Task prompt:
Transcribe the listing that follows in full, exactly, and drop its images.

Input data Block Start

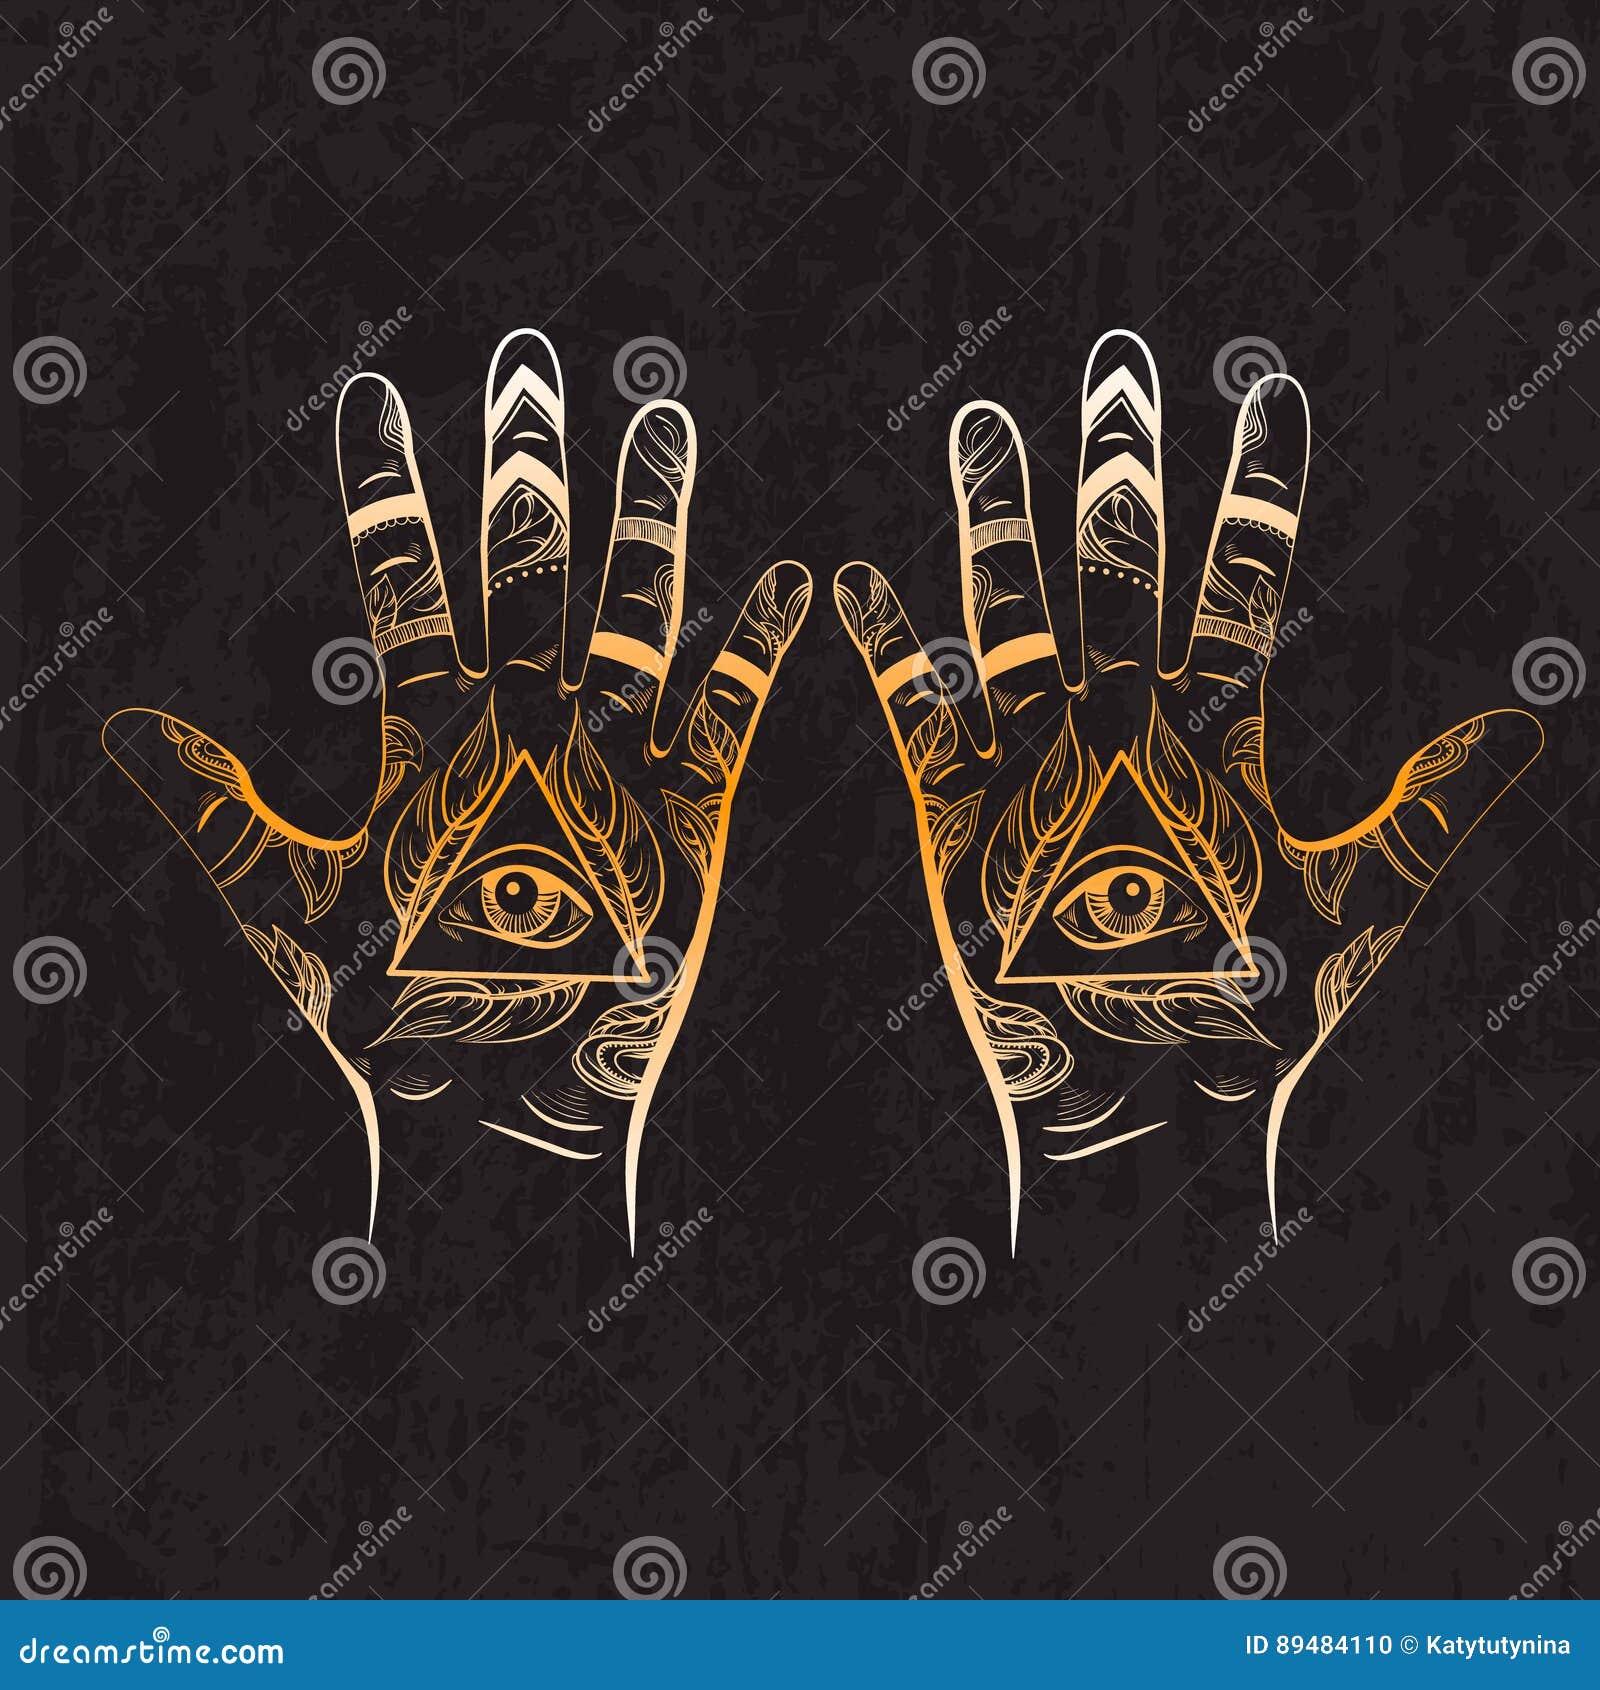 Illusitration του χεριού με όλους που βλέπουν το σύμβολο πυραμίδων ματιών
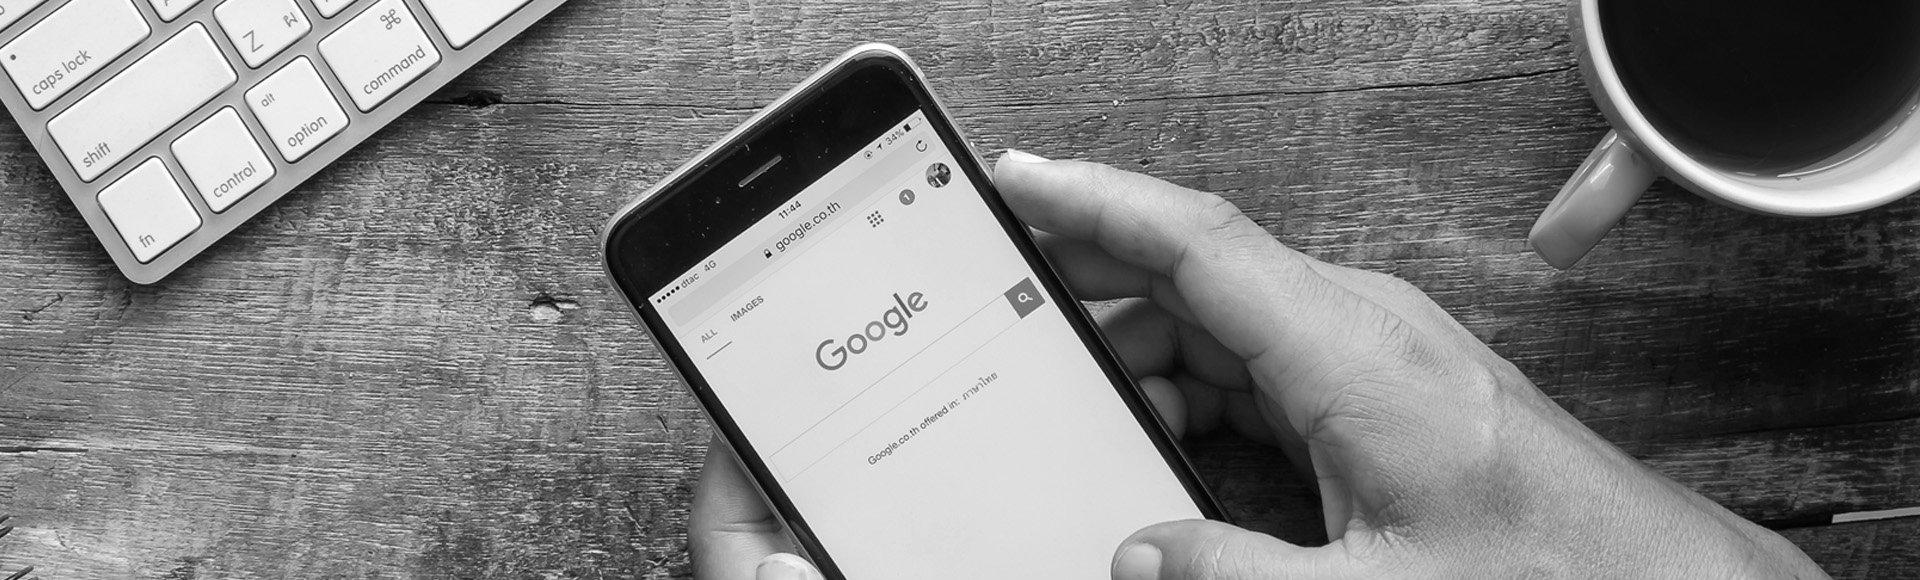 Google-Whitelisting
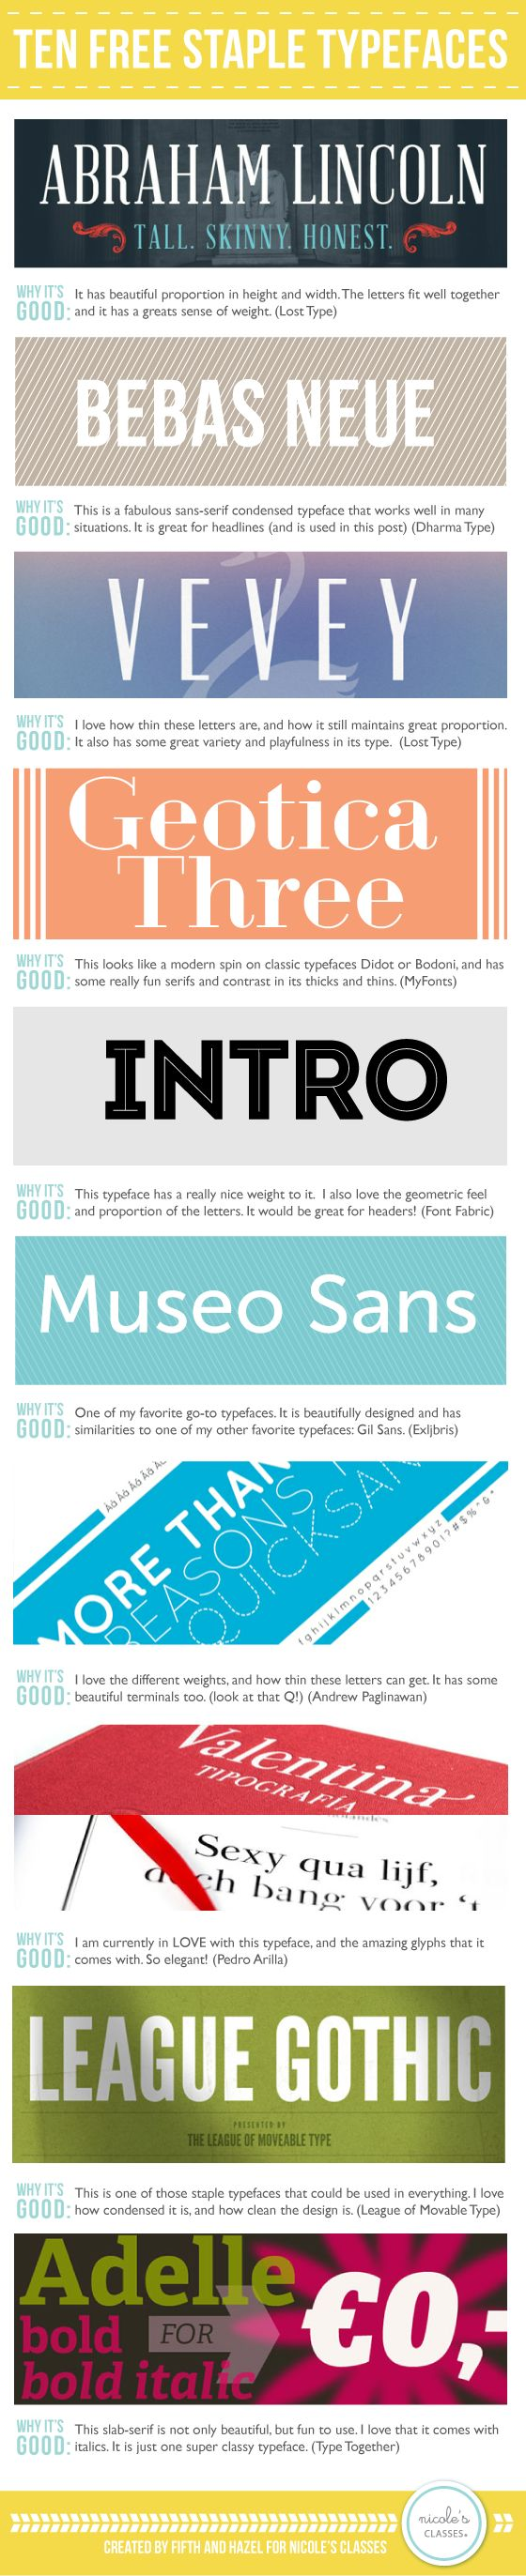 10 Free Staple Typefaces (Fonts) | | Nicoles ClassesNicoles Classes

Input data Block End

Final answer:
 Illusitration του χεριού με όλους που βλέπουν το σύμβολο πυραμίδων ματιών
 Google-Whitelisting
 10 Free Staple Typefaces (Fonts) | | Nicoles ClassesNicoles Classes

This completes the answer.